# THE DATA:

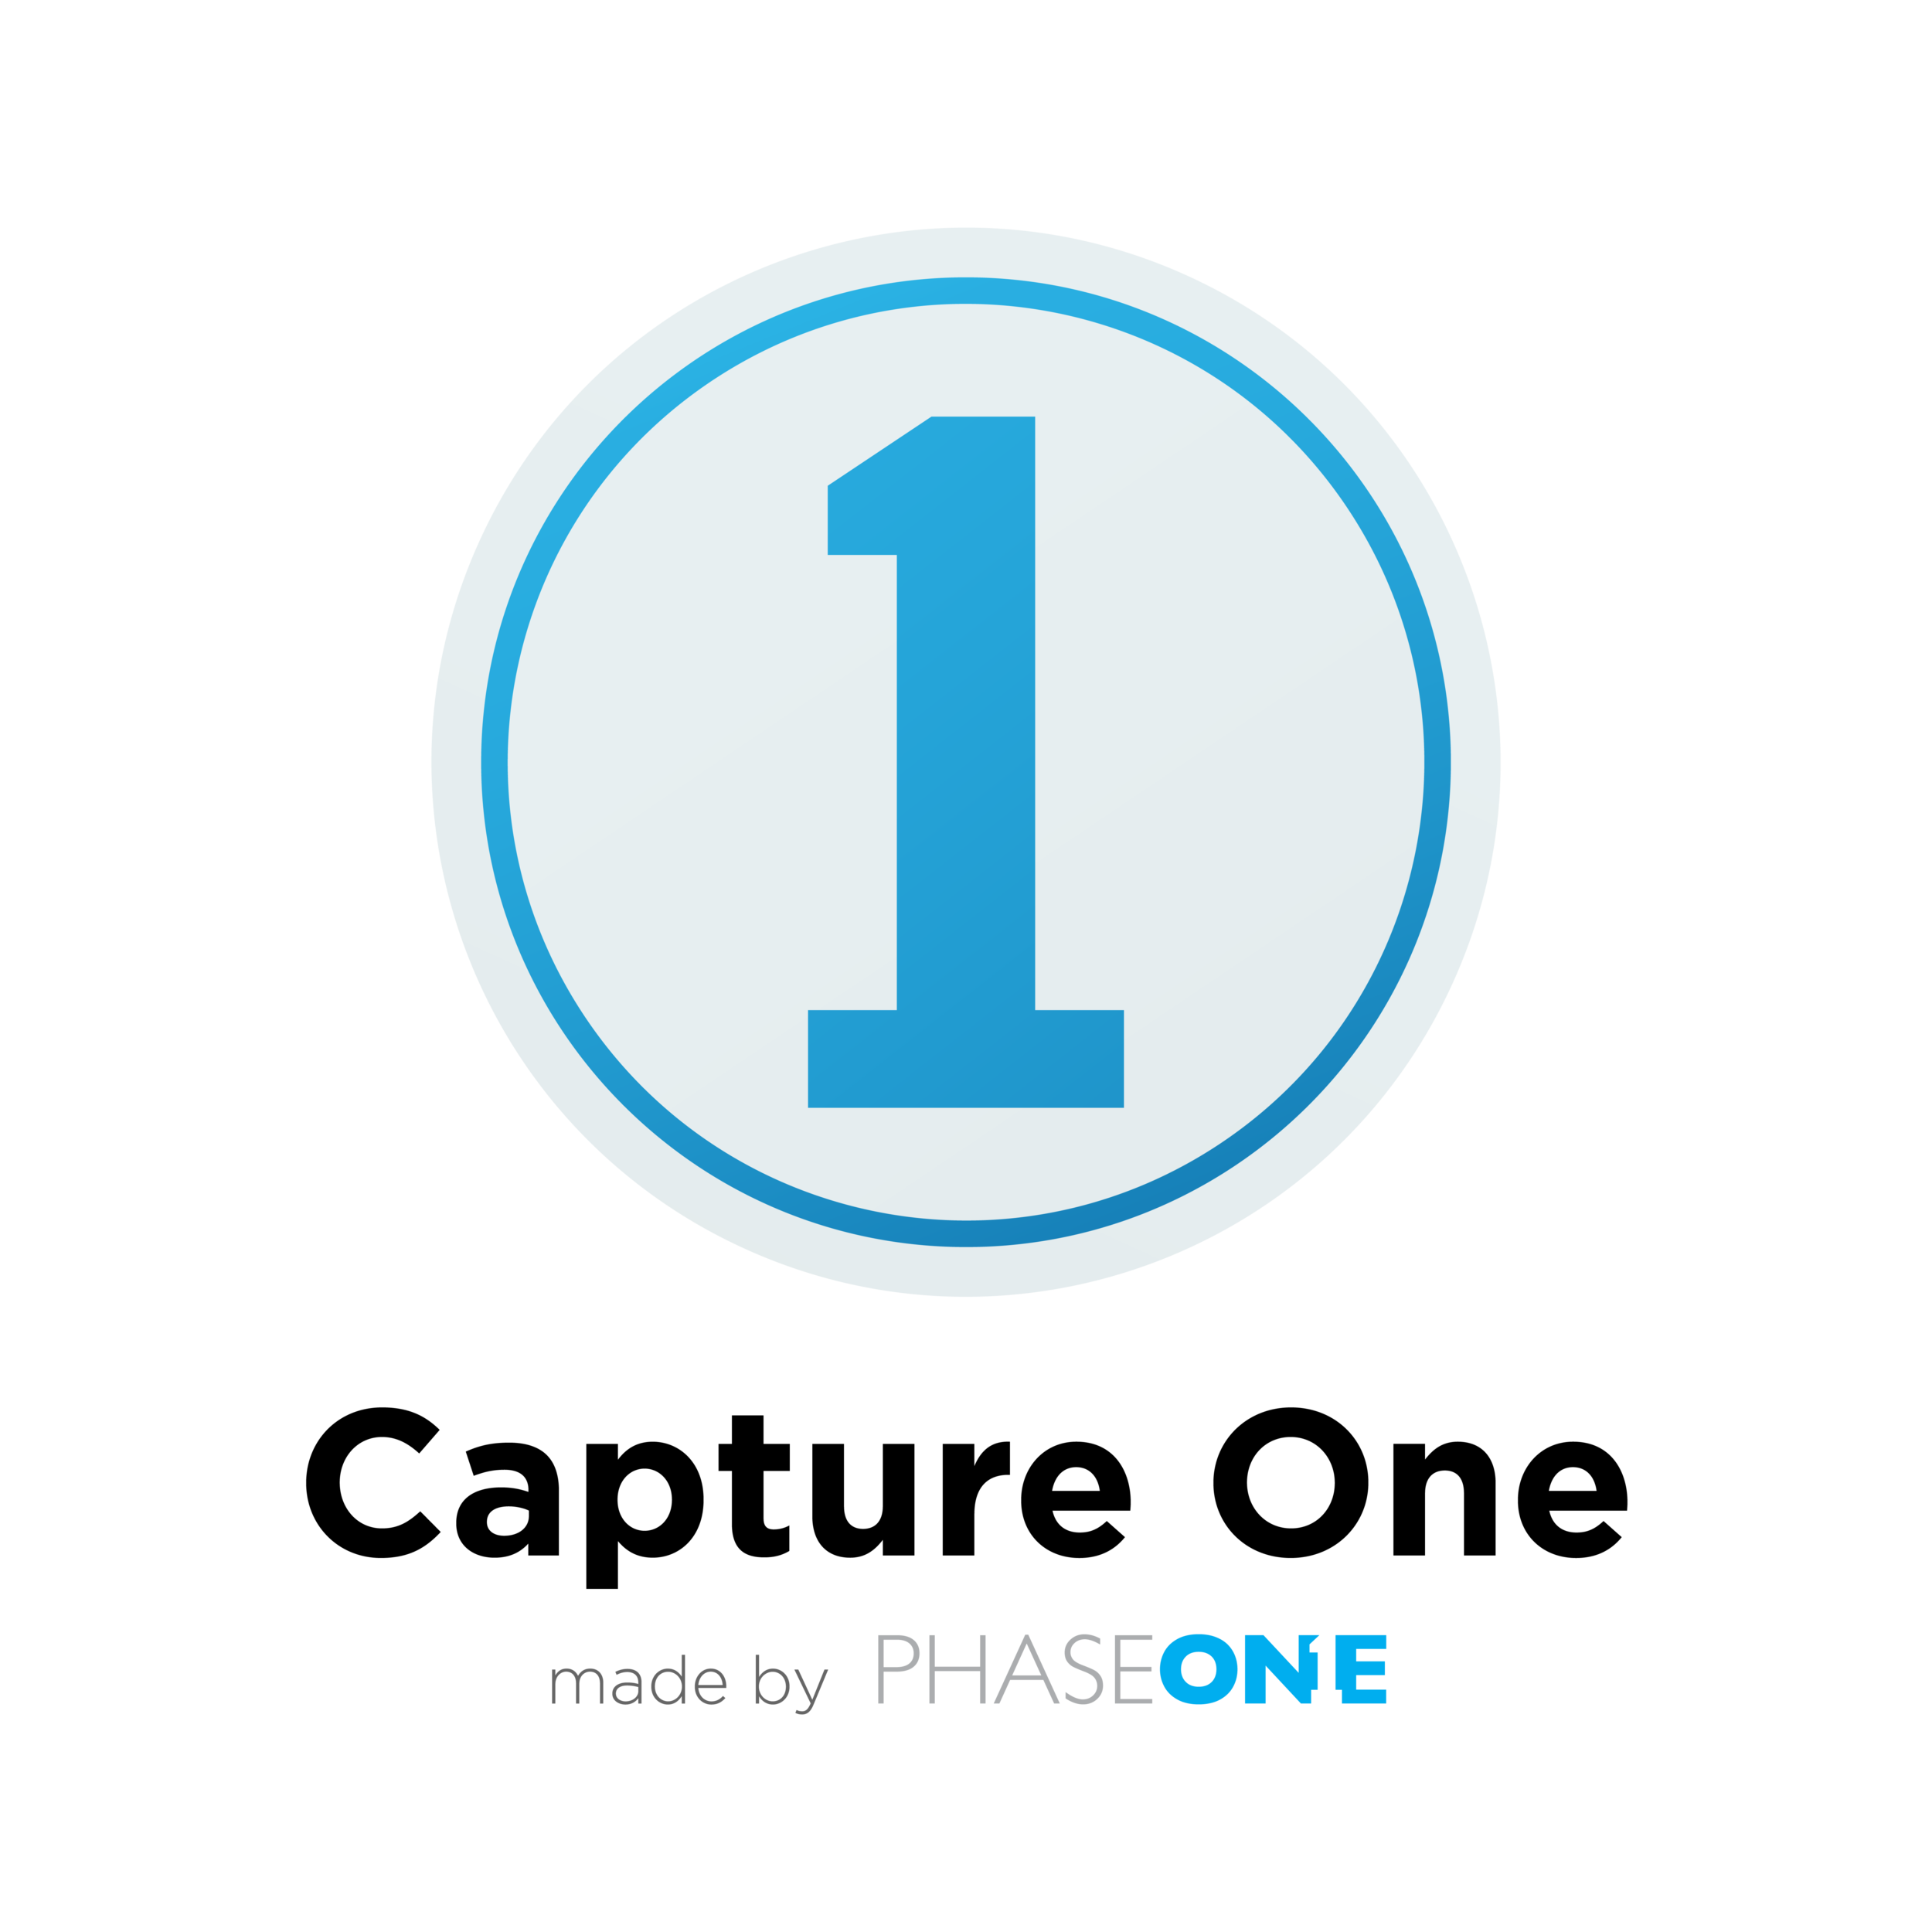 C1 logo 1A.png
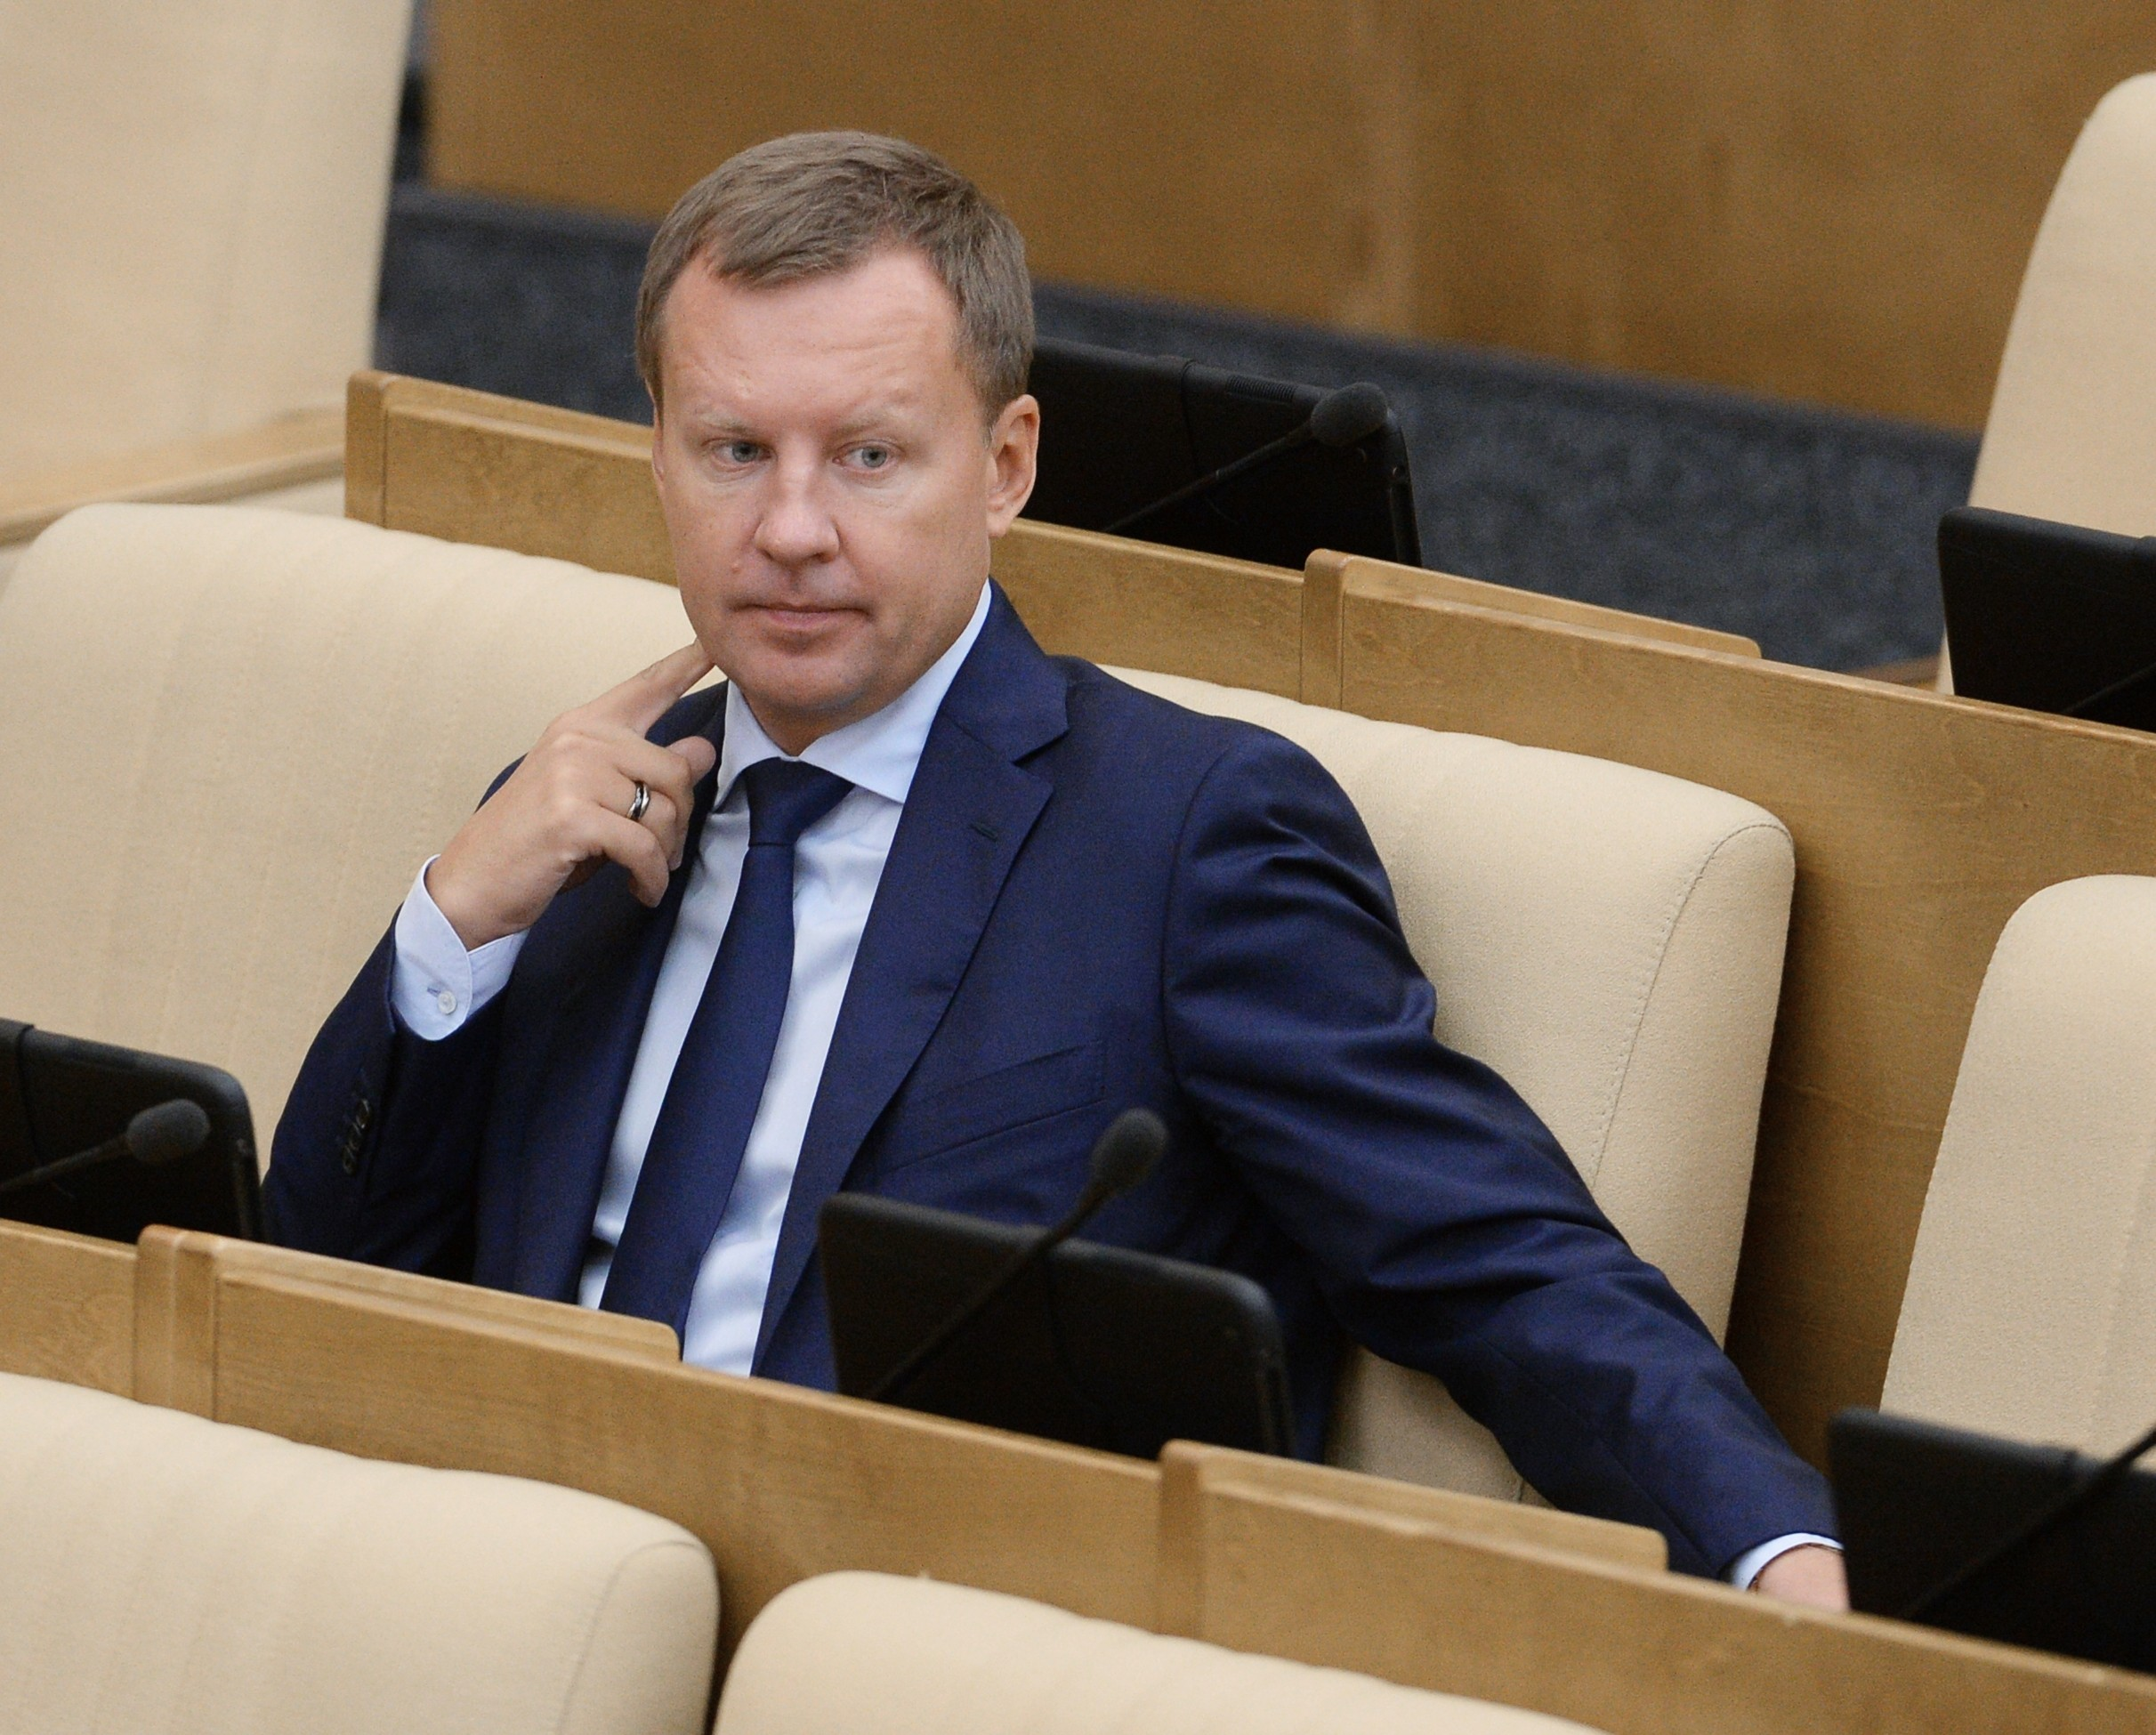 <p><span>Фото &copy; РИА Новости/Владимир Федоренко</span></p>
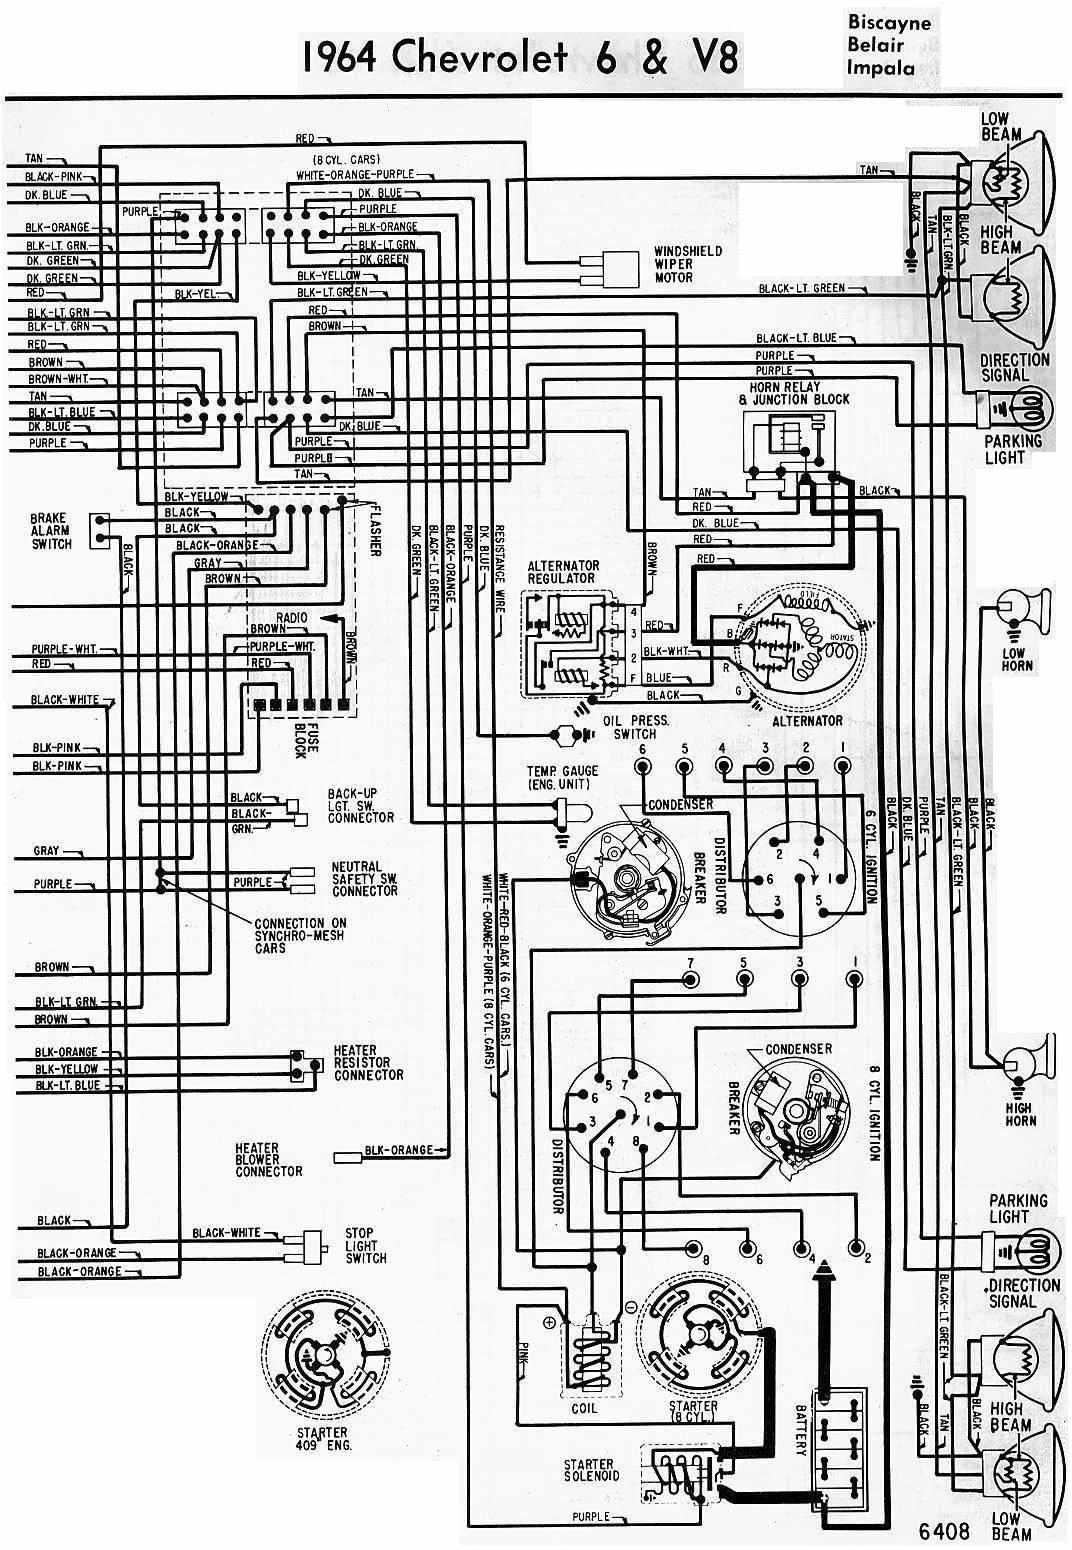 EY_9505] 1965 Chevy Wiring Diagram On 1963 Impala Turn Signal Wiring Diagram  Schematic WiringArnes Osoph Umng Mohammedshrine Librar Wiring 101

# PROBLEM DESCRIPTION:
Beginning with the line that contains "<p><span>Фото &copy; РИА" and ending with the last line of the data, transcribe each line exactly; pictures stay out.

# ANSWER BOX:
 <p><span>Фото &copy; РИА Новости/Владимир Федоренко</span></p>
 EY_9505] 1965 Chevy Wiring Diagram On 1963 Impala Turn Signal Wiring Diagram  Schematic WiringArnes Osoph Umng Mohammedshrine Librar Wiring 101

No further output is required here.